The classification of its people helped greatly with speeding up the process of “purging”. This categorization efficiency would be seen decades later during the Kurdish genocide. Disputes or disagreements against the Soviet party, however logical, were seen as a hostile threat to national security. The Soviets saw themselves as well oiled machine and those that went against Soviet ideology were kinks that needed to be taken out.
During this time Stalin’s power was heavily consolidated. The NKVD, which at first operated in secret, became a public oppressor and acted on the same scale as the red army, maybe even larger. But they were still obscure. The NKVD officers had no names to identify them, and they were given little to no orders from Stalin. Instead they were given free reign to enact “law and order” however they saw fit.
Another way the Soviets successfully simplified the “purges” was by encouraging denunciations. Citizens were encouraged to point out “Anti-Soviet” citizens. They were to be seen as national heroes. Some saw this as a way to settle old scores; neighbors turned on each other so did friends and family. Denunciations became the most widespread and most used tool in the Soviets arsenal during the purges. The NKVD mainly worked from what the citizens said about each other. Denunciations also heavily benefitted political careerist. It was a very easy way to get ahead.
The purges started against political opponents (real or imagined) and branched out from there. One of the official goals of the Russian purges was to “liquidate the kulaks as a class” Stalin himself stated this. This statement, and the actions following, dramatically changed Russians citizens’ and the world’s view on Soviet practices. It was the most radical form of political action that had ever taken place under Soviet watch. This “political” action fused perfectly with “military” action. Stalin’s red army was one of the main gears keeping the Soviet machine going; consequently the red army was also an incredibly important asset during the purges. 2 million peasants were deported for being accused of kulak status and the red army oversaw their deportation. During this time of mass deportation a reported number of 6 million peasants died of famine.
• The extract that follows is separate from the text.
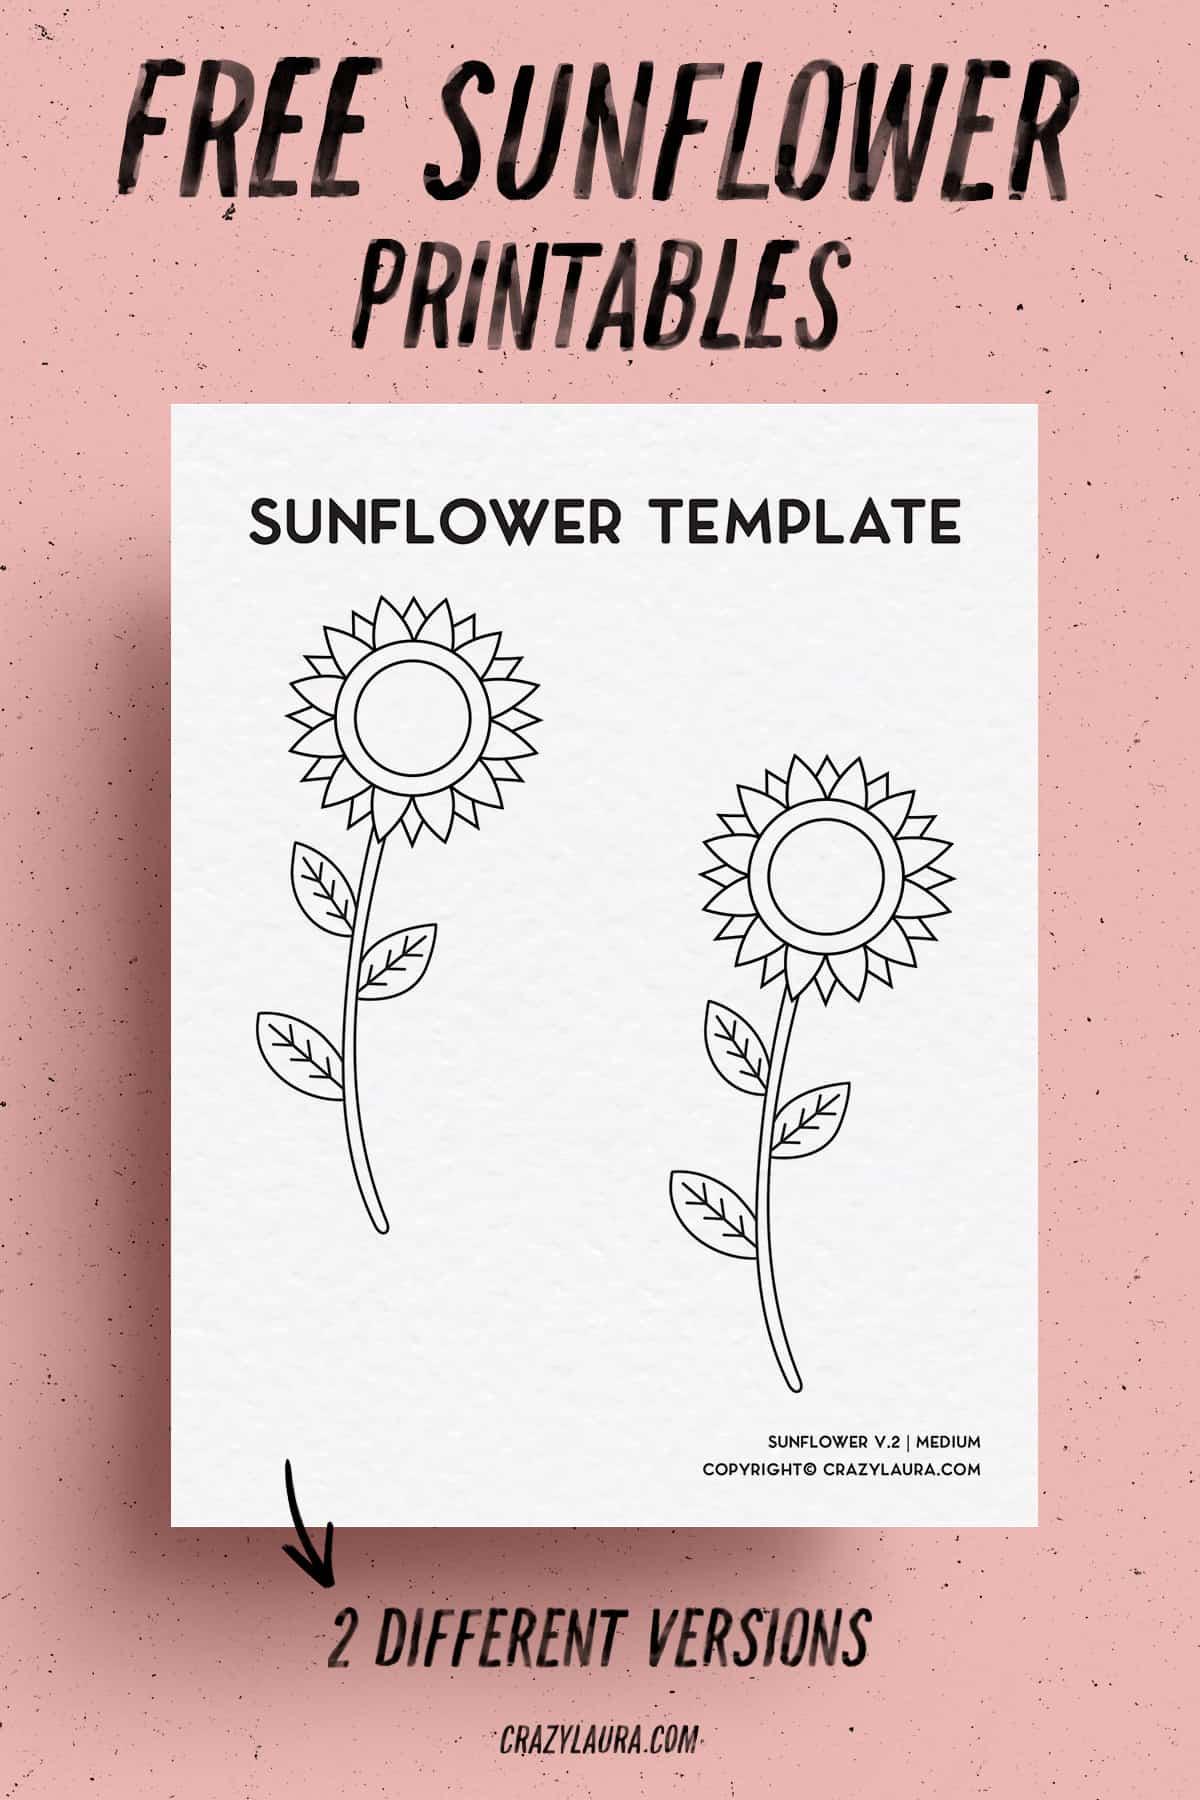 sunflower outline activity

The Purges are not considered genocide because there was no particular group targeted; everyone’s safety and lives were in jeopardy. But this doesn’t mean there wasn’t prejudice against certain groups. Recent research indicates: the aristocratic, those living in border regions, minority nationalities, and those with foreign contacts were seen as part of the enemy of the Soviets. A guilty individual was seen as a virus hence anybody they had contact with (friends, family, coworkers) were automatically suspect.
Despite the fact that the purges were widespread and prevalent through almost all of Russia there was very little recorded via government documents. In the 1960’s the USSR fully acknowledged “The Great Purge” by stating, “an event of mass repression had transpired”. It was also made clear that most of the confessions made during interrogation, torture, and trial were false.
Horrific atrocities were committed and yet Stalin’s political ideas still exist to this day. His view is an optimistic one that wants the betterment of all over the betterment of one. Therefore it is easy to see why it has not died out. Stalin’s political system evokes a sense of hope, however false that hope may be, it is still considered hope.